O sinal de alerta se torna ainda mais evidente com a reunião do o Comitê de Política Monetária (Copom) marcado para a próxima quarta-feira (19). A expectativa dos investidores é que o colegiado dê uma pausa no ciclo de queda de juros e mantenha a Selic a 10,50% ao ano. A percepção do mercado ganhou força após as mudanças das metas fiscais realizadas pelo governo em abril.

Na época, o Poder Executivo comunicou que a meta para as contas públicas para o próximo ano sairia de um superávit de 0,5% do Produto Interno Bruto (PIB) para 0%. Já em 2026, o superávit de 1% do PIB foi reduzido para 0,25%. As alterações aconteceram há menos de um ano do novo arcabouço fiscal entrar em vigor. Desde a mudança, o mercado pressiona o governo por um maior comprometimento com as contas públicas.
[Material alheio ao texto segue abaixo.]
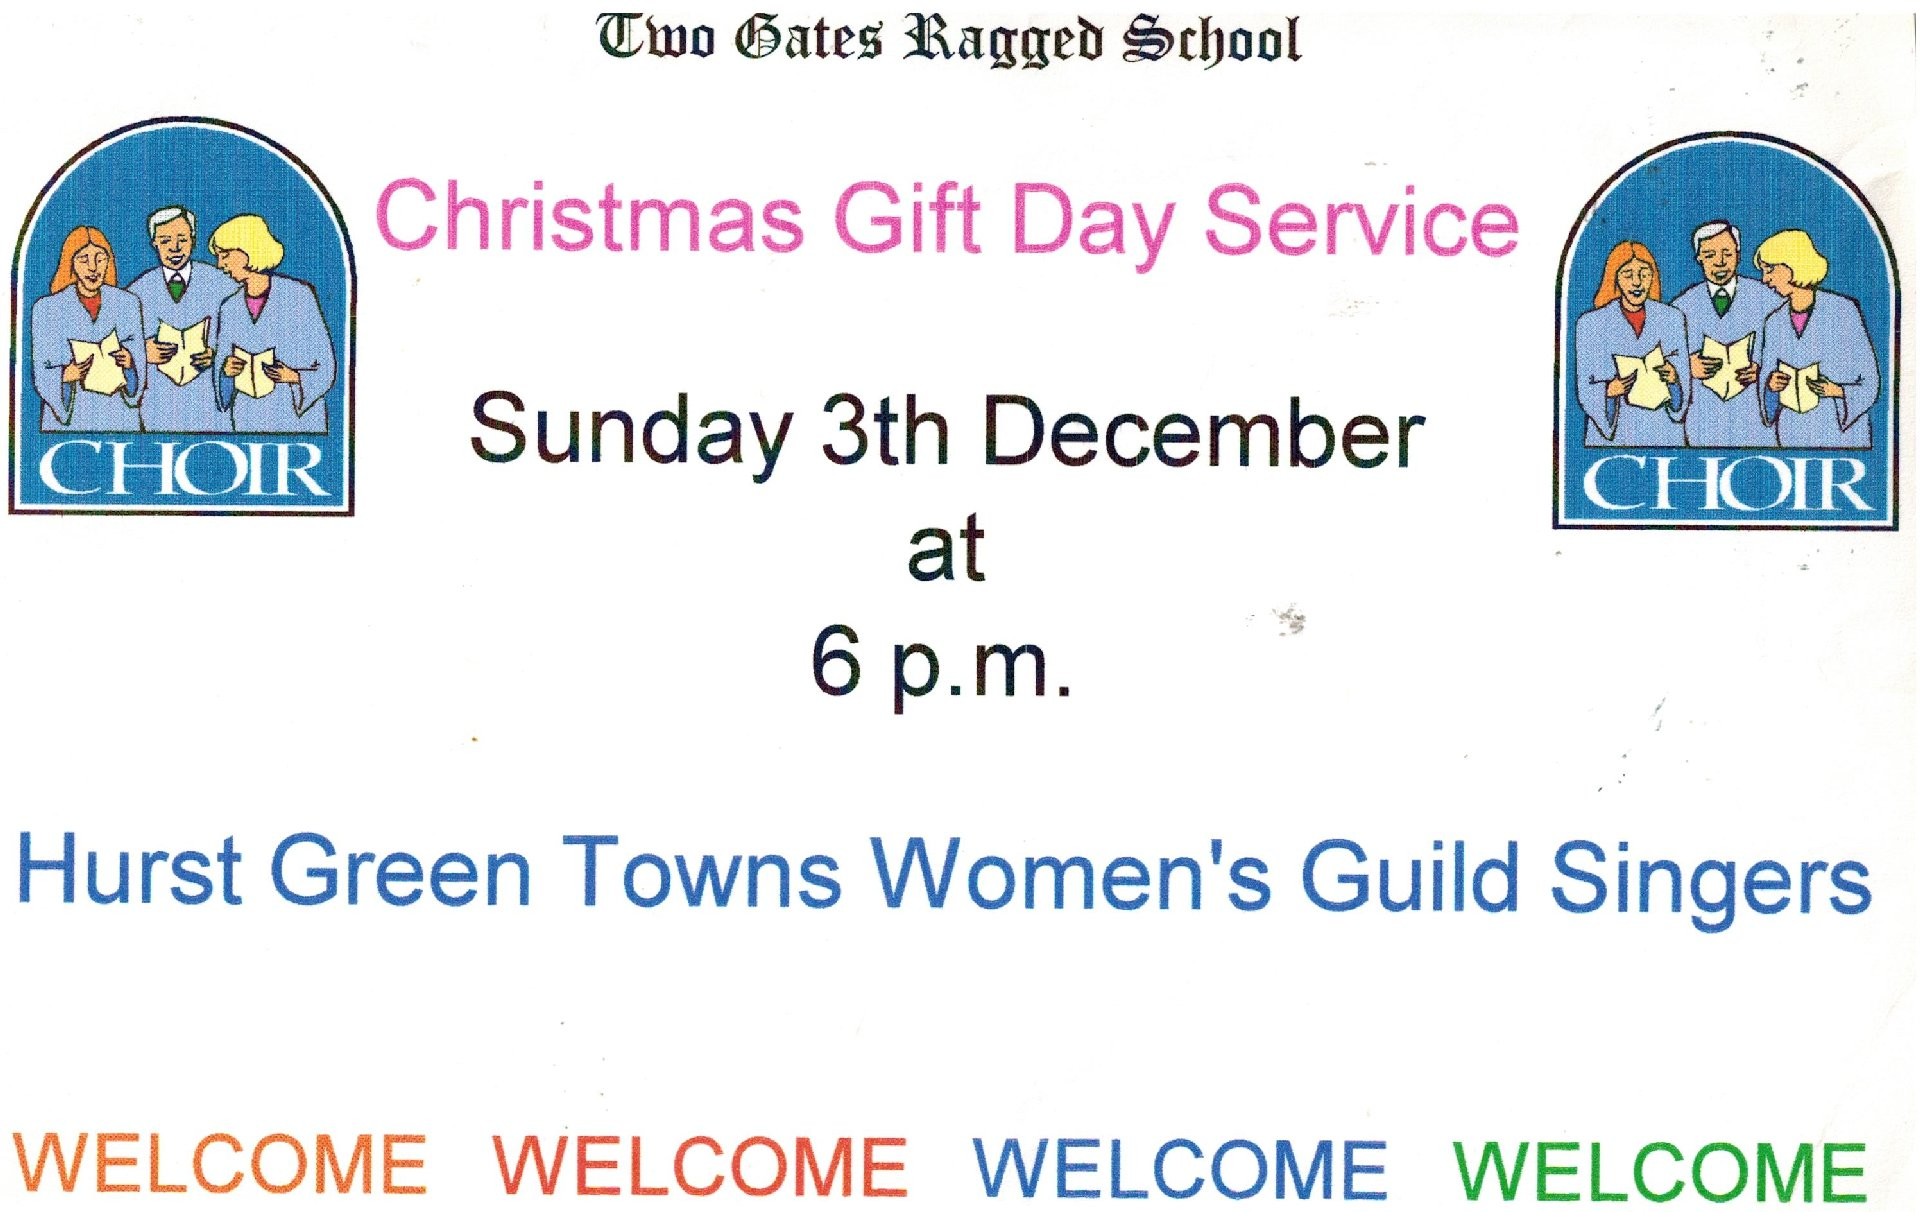 J044_Gift-Day-Flyer_Xmas[Dec-2000]

Essa situação pode desencadear uma alta inflação nos próximos anos, o que pode tornar a rentabilidade dos prefixados desfavorável. Por essa razão, Marcos Moreira, sócio da WMS Capital, acredita que os títulos indexados ao IPCA não devem ficar de fora da carteira. “Dado a esse cenário fiscal mais desafiador, dado essas incertezas quanto ao equilíbrio das contas públicas, a proteção contra a inflação nesse momento é extremamente importante”, afirma Moreira.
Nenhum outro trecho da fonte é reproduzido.